- Cheadle, Staffordshire England

Information
- Type: Sixth Form College
- Motto: Know Yourself
- Religious affiliation: Roman Catholic
- Ofsted: Reports
- Senior Leader: A Dudley
- Gender: Mixed
- Age: 16 to 18
- Houses: PCC, TCA & MHS
- Associate Schools: Painsley Catholic College
- Website: http://www.moorlandscollege.co.uk

= Moorlands Sixth Form College =

Sixth form college in Staffordshire, England

Painsley Sixth Form College is a Sixth Form College in Cheadle, a market town in Staffordshire, England. The college caters for years 12-13, where students can gain A-Level and AS-Level qualifications.
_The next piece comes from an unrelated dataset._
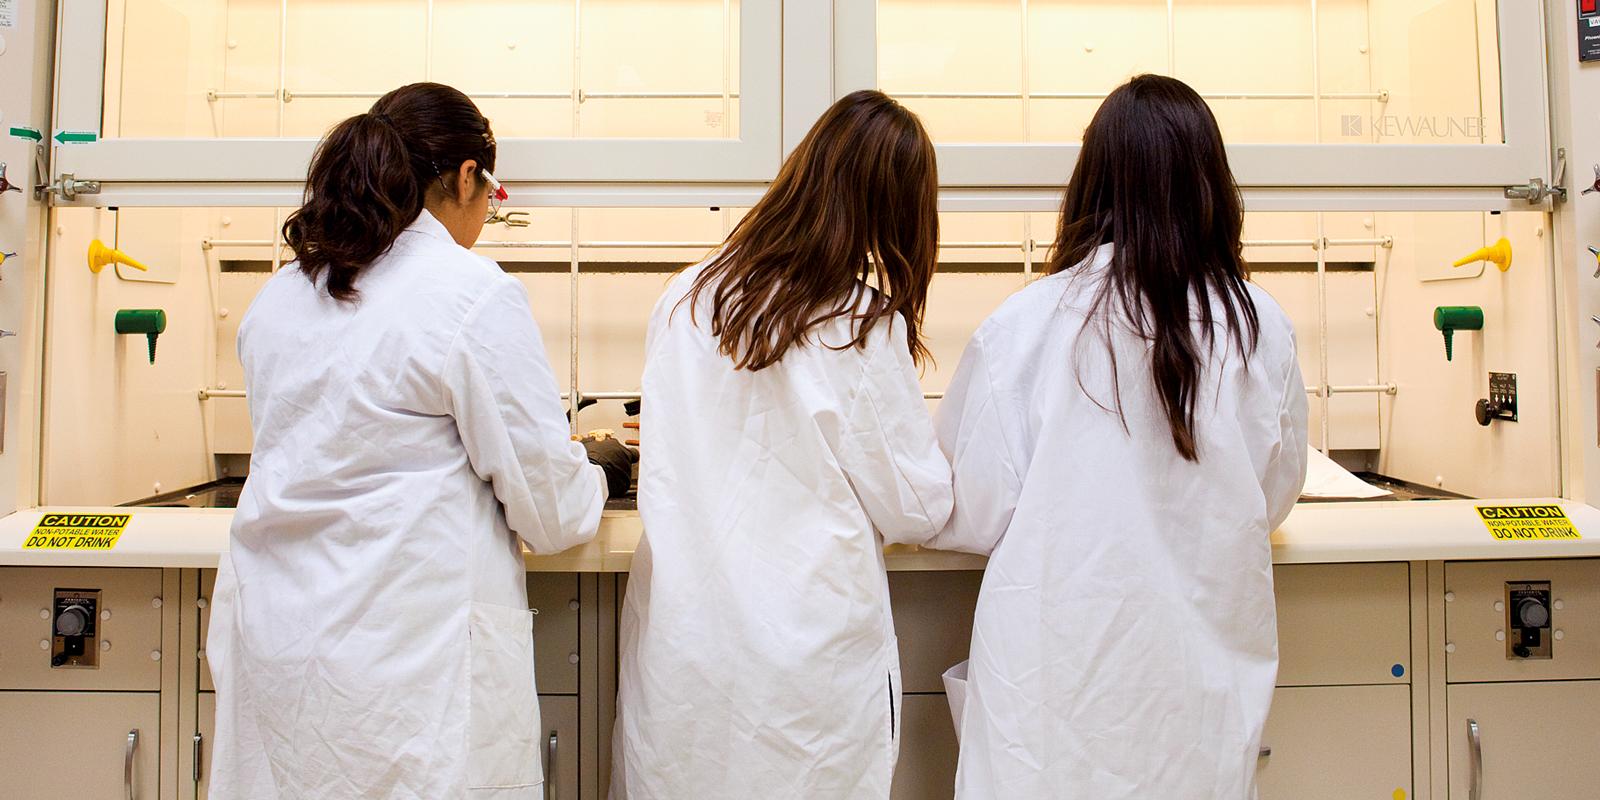 Girls in science coats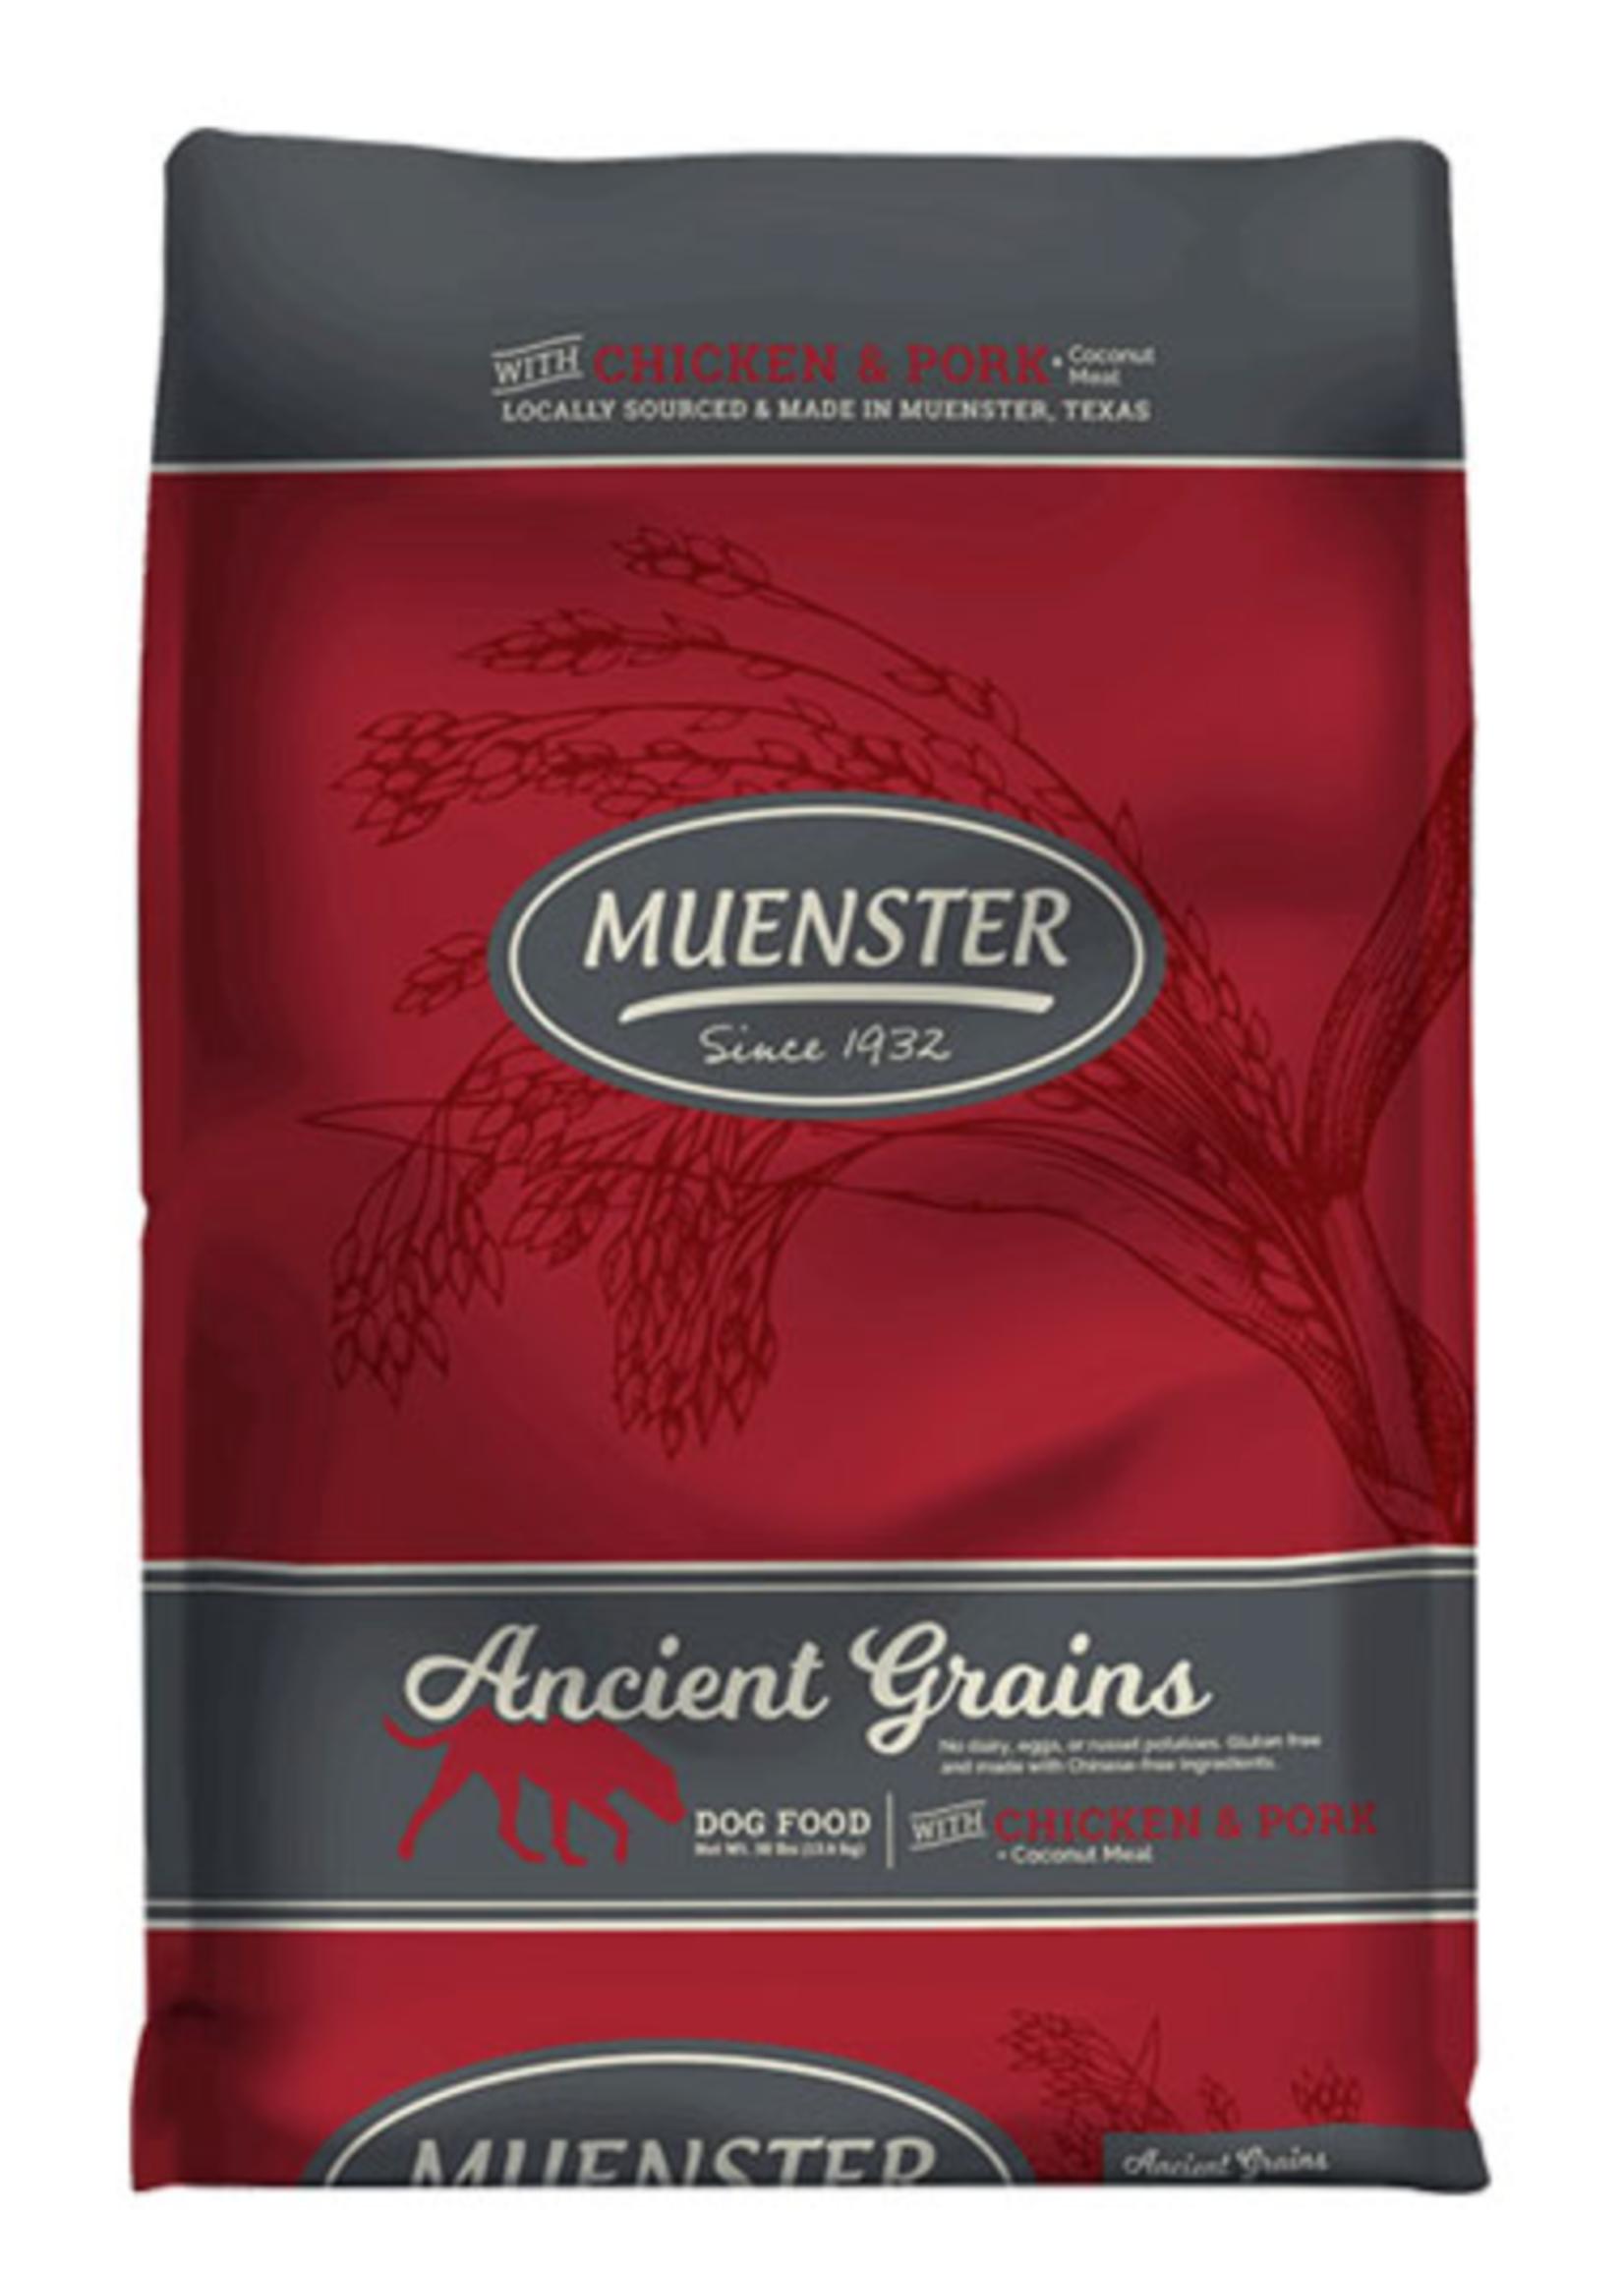 Muenster Milling Co Muenster Ancient Grains Chicken & Pork 30lbs

The college is run as a partnership of three local high schools; Painsley Catholic College, and acts as the sixth form for students of all partnership schools.

== Links with Painsley Catholic College ==
Painsley Catholic College is a Roman Catholic secondary school with academy status in Cheadle, Staffordshire. Painsley is part of the Painsley Catholic multi-academy company consisting of the high school and six feeder primary schools. The teaching staff at the Moorlands VIth are from all three contributing high schools. The Moorlands VIth form campus is adjacent to Painsley Academy and students from the VIth form can use the Cheadle Schools sports hall facility based on the Cheadle High School Academy.

== Links with The Cheadle Academy ==
The Cheadle Academy is within a 5-minute walk from the sixth form & Painsley campus.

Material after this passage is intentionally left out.